SECTARIAN ATROCITIES

Nuri al-Maliki
Nuri al-Maliki

Glimpses of the savagery of this sectarianism have multiplied as the Islamic State in Iraq and the Levant (ISIL), an al Qaeda splinter group which aims to carve out a Caliphate in the heart of the Middle East, captured a string of north and central Iraqi cities in June.

One video posted by ISIL shows its fighters storming the house of an old man and accusing him and his two young sons of fighting in the Iraqi army under Nuri al-Maliki, the Shi’ite Islamist prime minister.

As the captives dig their own graves, a fighter taunts them, “You’re tired, Yes? Dig, dig more, where is Maliki to come and save you? Why did you join Maliki’s army?”

The old man implores comrades to repent and break ranks with the army, saying: “Look at me, I am digging my own grave, they came to my home and took me”. The video ends abruptly with what looks like the swish of a blade falling upon the victim and a one-word caption: “slaughtered”.

An ISIL leader reached by Reuters via Skype makes clear this brutality is a considered policy as his movement builds its cross-border Islamic State.

“We will deal with Maliki’s followers and his filthy state according to righteous Islamic law”, he says. “Whoever comes to us repentant before we have the upper hand upon him, will be one of us; but the one who insists in fighting us and on his infidelity and apostasy, he’ll have to face the consequences”.

Disowned even by al-Qaeda, ISIL has taken hate speech to a new level in Iraq, denouncing Shi’ites as “dogs of Maliki”, or as “reviled and impure rejectionists (rafadah)”.

They proclaim that “death is the only language the Shi’ite Marjaiyah (clerical leaders) and their rotten gangs understand”.

 

BOTH SIDES

The Shi’ite side has responded in kind, posting videos of Sunnis being executed. In one, groups of men shot randomly, some in the head, lie next to each other in what appears to be a room with blood splashed on the wall and bullet holes everywhere.

Religion, many analysts say, is being deployed as a weapon to galvanise rival interests, but is taking on a virulent sectarian life of its own, sometimes escaping the control of those wielding the weapon.

“National identities in these countries are eroding and sectarian identities are becoming more prominent,” Nasr said.

In Iraq, says Professor Charles Tripp at London University’s School of Oriental and African Studies, the process began in the 1990s when Saddam Hussein, the dictator toppled in 2003, started a “piety campaign” to solidify support for his otherwise secular regime in the face of crippling international sanctions.

This indiscriminate encouragement of Sunni Salafism and Shi’ism encouraged “sectarian entrepreneurs who found it very profitable to mobilise people around religion or sect”.

In a process which continued under Maliki, the poison of sectarian prejudice hardened into bigotry, exploited by leaders who fell into “an awful bidding war” to claim religious legitimacy, Tripp says. Regional players also cloaked their pursuit of geopolitical advantage in religion, he adds.
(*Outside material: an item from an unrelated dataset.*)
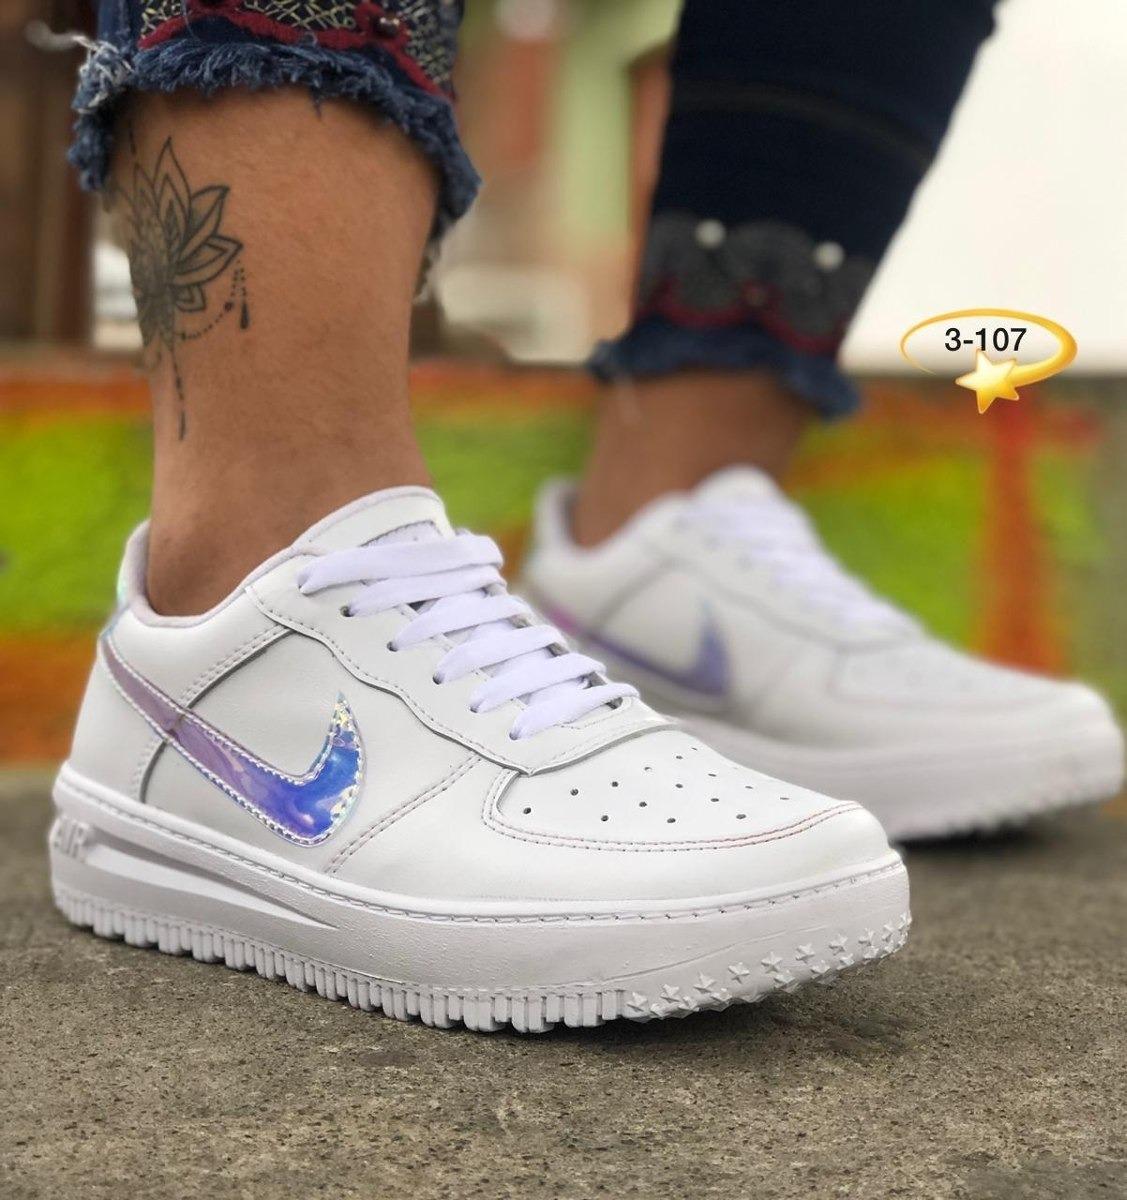 Tenis Deportivo Nike Arcoiris Para Dama,oferta, Envío Gratis

“If you emphasise your Shi’ism as an Iranian it allows them to intervene in Lebanon (which has a big Shi’ite community). Equally, if you are a Saudi you can claim it is not about regional rivalry but some bigger cause”, he says.

“On a regional level people get sucked into a power game which is not actually about religion but resources and prestige.”

Yezid Sayigh, a senior associate at the Carnegie Middle East Center in Beirut, argues that “there is actually no theological debate in this religious war.” “It’s fundamentally, as always, a fight for political power”.

 

QUASI STATELETS

While enmity between Islam’s two competing sects has often been fierce and bloody, it now spreads over huge swathes of territory from the eastern Mediterranean to Iraq, the Gulf and Yemen.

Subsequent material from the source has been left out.